# What kind of rock is this?



## TrickyT (Jun 17, 2013)

This image was put up by user Blairo1 a few years ago. I have tried to contact him but no luck.

It's the third post down here: viewtopic.php?nomobile=1&f=4&t=177546&start=15

The black background, small shellie set up. I love those rocks. Just what I am after. Any idea what they are?


----------



## JimA (Nov 7, 2009)

I always loved the look of that set up! No clue what it is so not much help. You might PM Pomi on here he might know.
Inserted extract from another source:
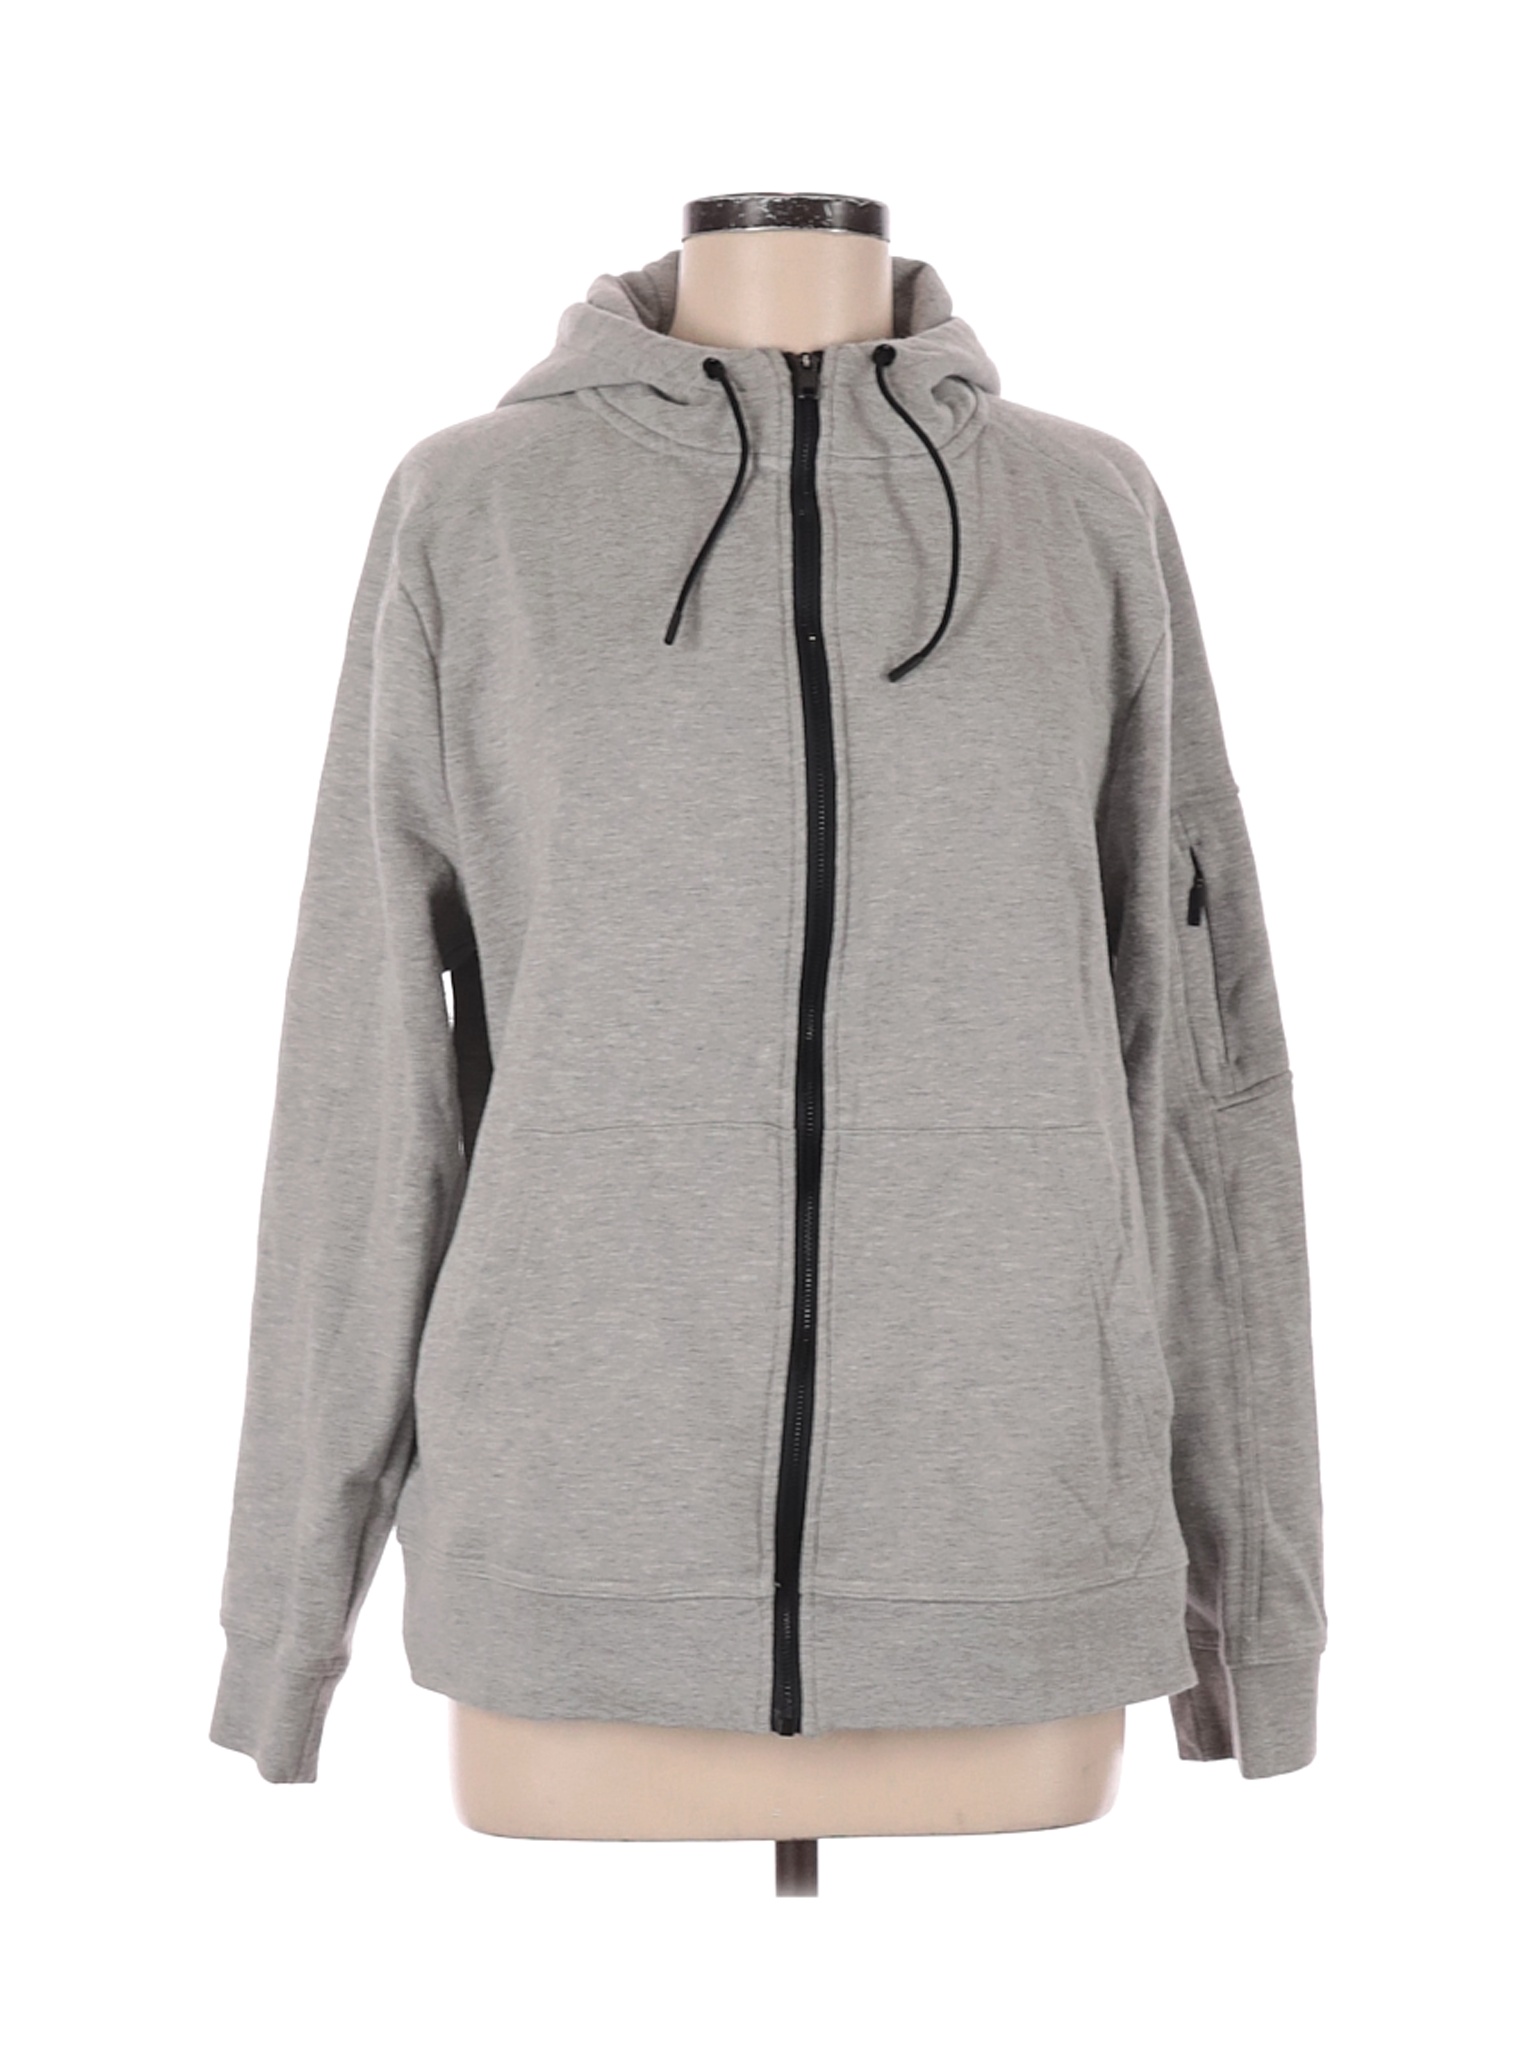 Assorted Brands Women Gray Zip Up Hoodie M | eBay

Just do a search for one of his post and go from there..


----------



## 4RSo (Aug 13, 2011)

I'm curious if it's one of the japanese scaping stones like ohko stone or seiryu stone.
Looks close to pictures online of ohko but i'm not sure 
and they're not cheap.


----------



## ratbones86 (Jun 29, 2012)

Pm the guy who posted the picture and ask him


----------



## 4RSo (Aug 13, 2011)

TrickyT said:


> I have tried to contact him but no luck.


----------



## anthraxx4200 (Aug 16, 2012)

it looks like some kind of limestone at first glance, but all that erosion thats taken place on it makes me lean towards a sandstone of some sort. if it is indeed a sandstone try looking up some landscape stores across the lower portion of the country (new mexico, arizona, utah, nevada, etc.) if that search proves fruitless, take a look at some of the more exotic stones available on the japanese market. im sure you will find it there, albeit at a much higher cost. just dont be afraid to call some of these places and see what hits the fan. i was in a similar situation a few years back with finding lace rock. long story short after 5-6 calls down the chain i got forwarded to a guy about an hour away that brings the stuff in by the ton. got to pick over some of the best rock *** ever seen before fish stores even get their hands on it. GL to ya! plz post on here if you manage to find it.


----------



## notchback65 (Apr 3, 2013)

*I think it might be dragon stone *


----------



## notchback65 (Apr 3, 2013)

Ohko Stone (Dragon Stone) in the U.S. goes for around $5 per pound,and in the U.K. goes for £2.50 per kg


----------